━━━ INPUT DATA

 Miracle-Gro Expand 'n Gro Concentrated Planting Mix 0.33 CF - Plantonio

━━━━━━
━━━ INPUT DATA

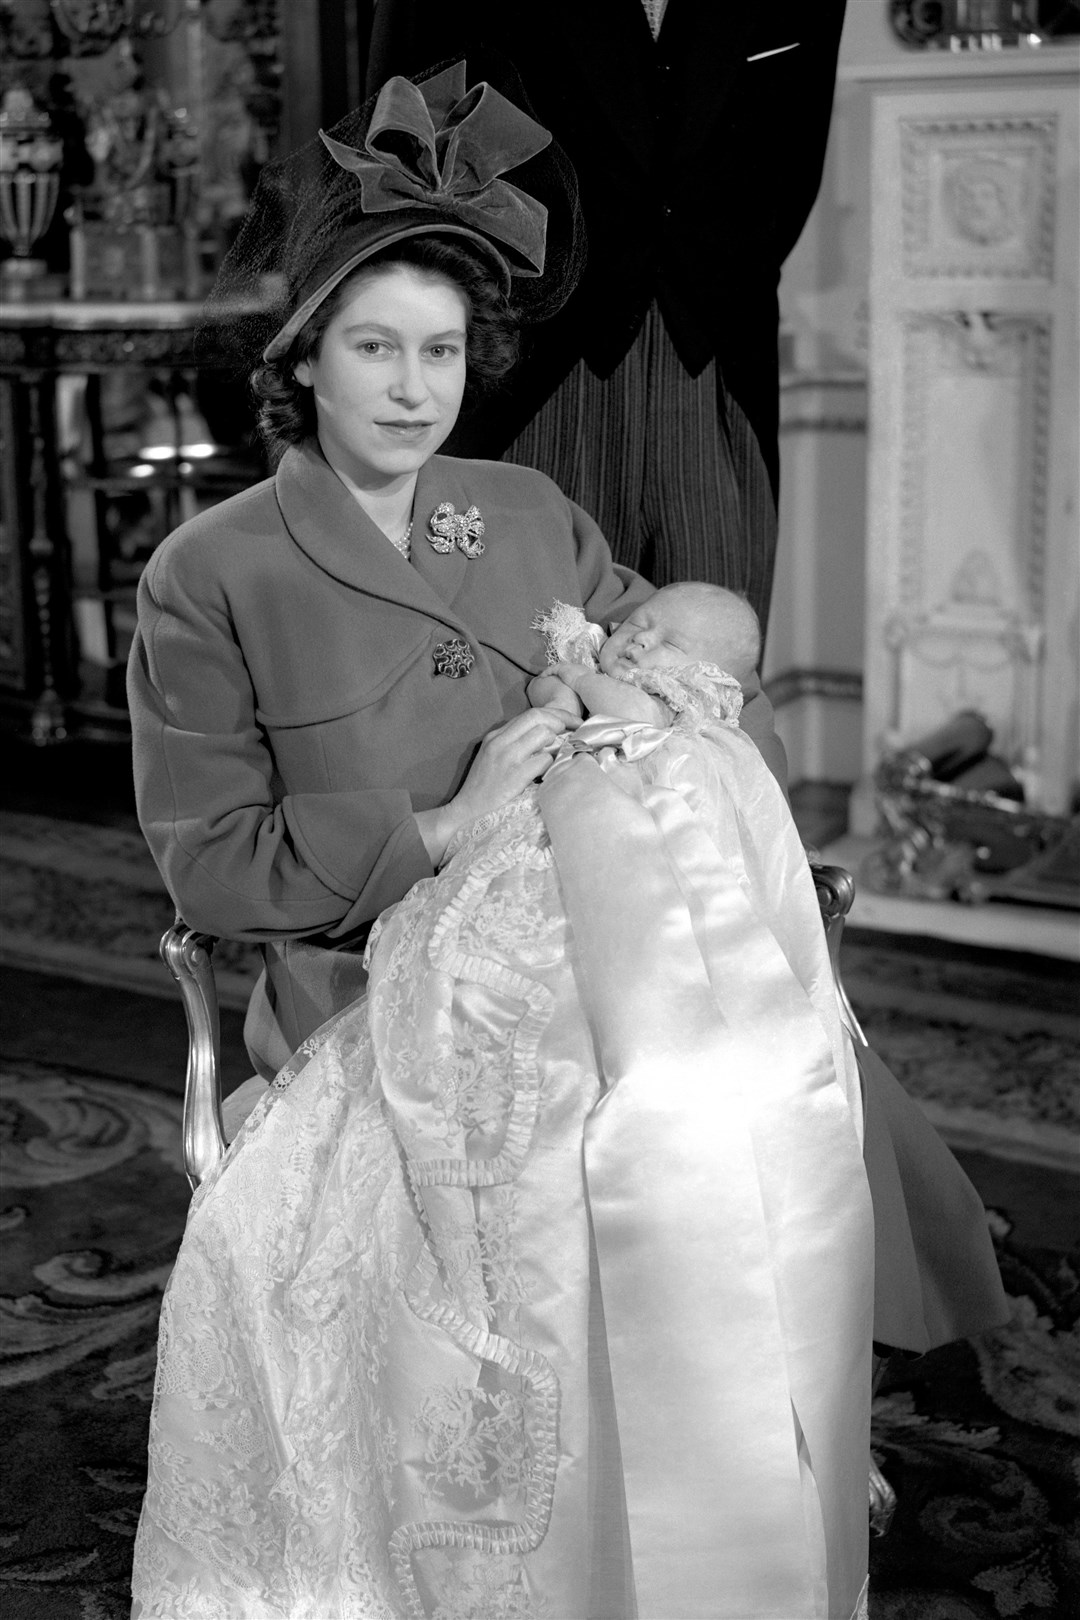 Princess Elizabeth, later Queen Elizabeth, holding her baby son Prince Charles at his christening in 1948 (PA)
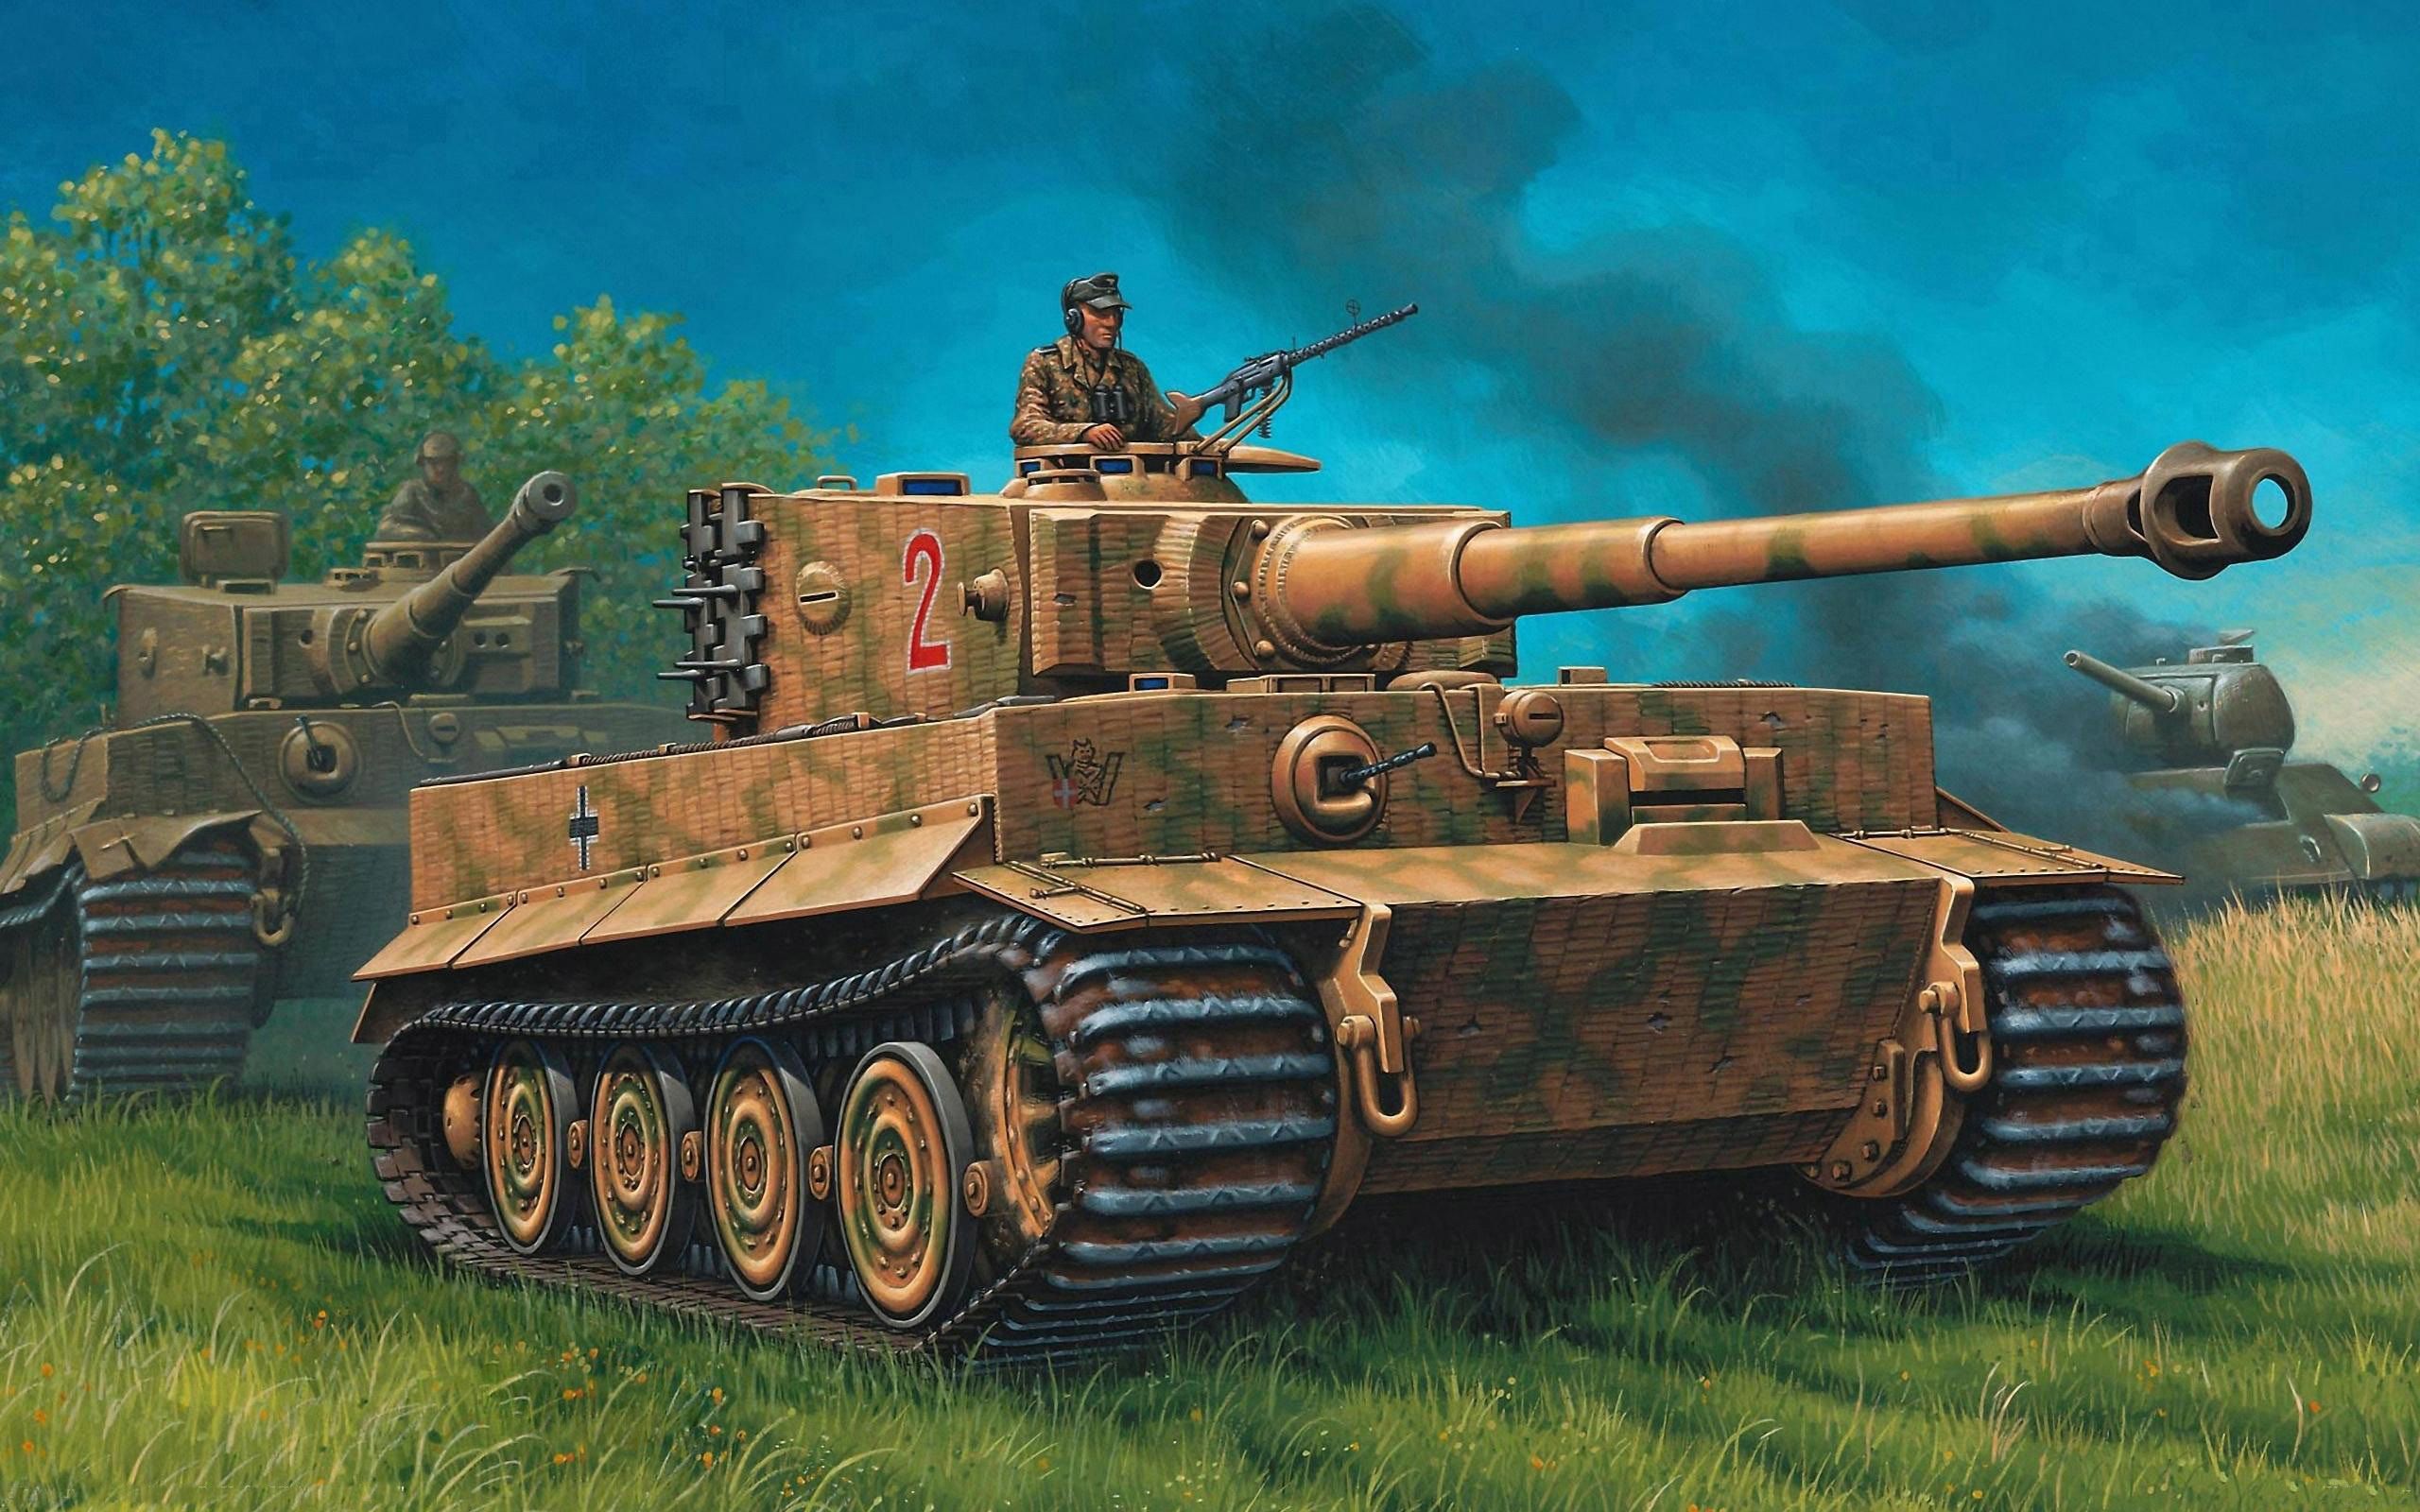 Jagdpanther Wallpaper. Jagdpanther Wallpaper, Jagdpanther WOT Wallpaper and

━━━━━━
━━━ INPUT DATA

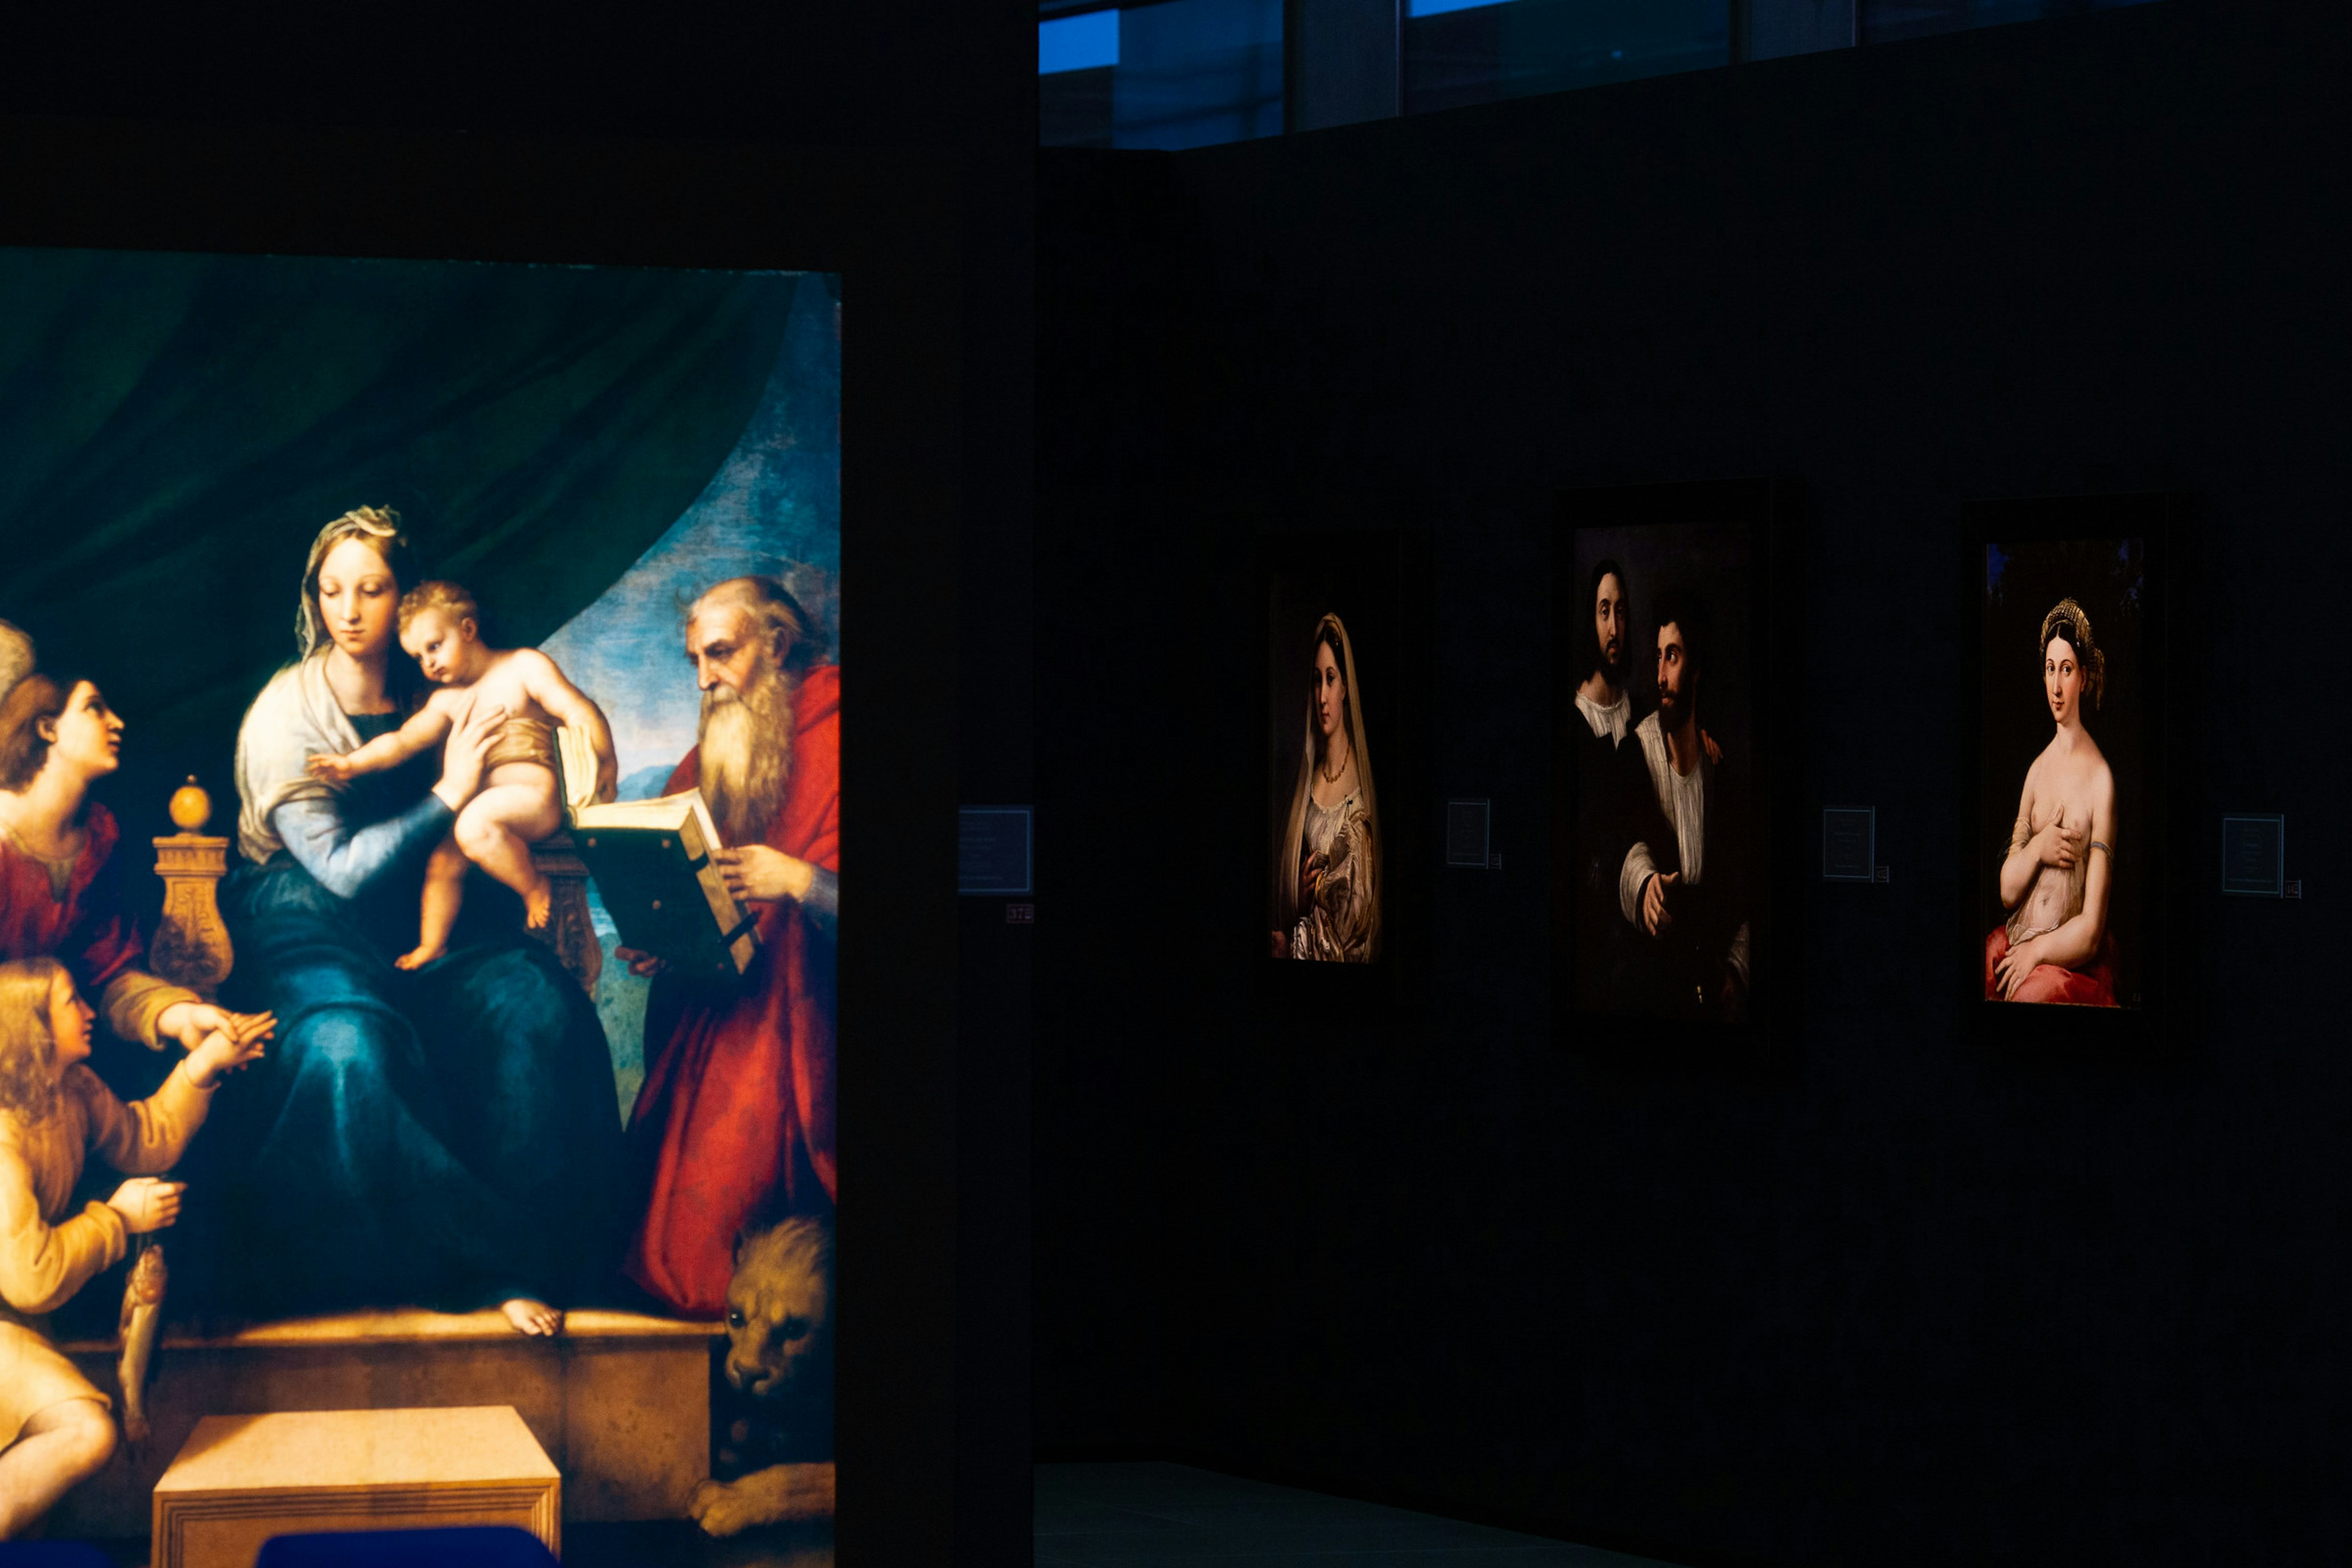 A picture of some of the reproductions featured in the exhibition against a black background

━━━━━━

#### WHAT YOU SHOULD DO
Set the pictures aside and retype exactly the lines above from the line with "Princess Elizabeth, later" to the line with "Jagdpanther Wallpaper. Jagdpanther", both included, adding no others.

#### REPLY
 Princess Elizabeth, later Queen Elizabeth, holding her baby son Prince Charles at his christening in 1948 (PA)
 Jagdpanther Wallpaper. Jagdpanther Wallpaper, Jagdpanther WOT Wallpaper and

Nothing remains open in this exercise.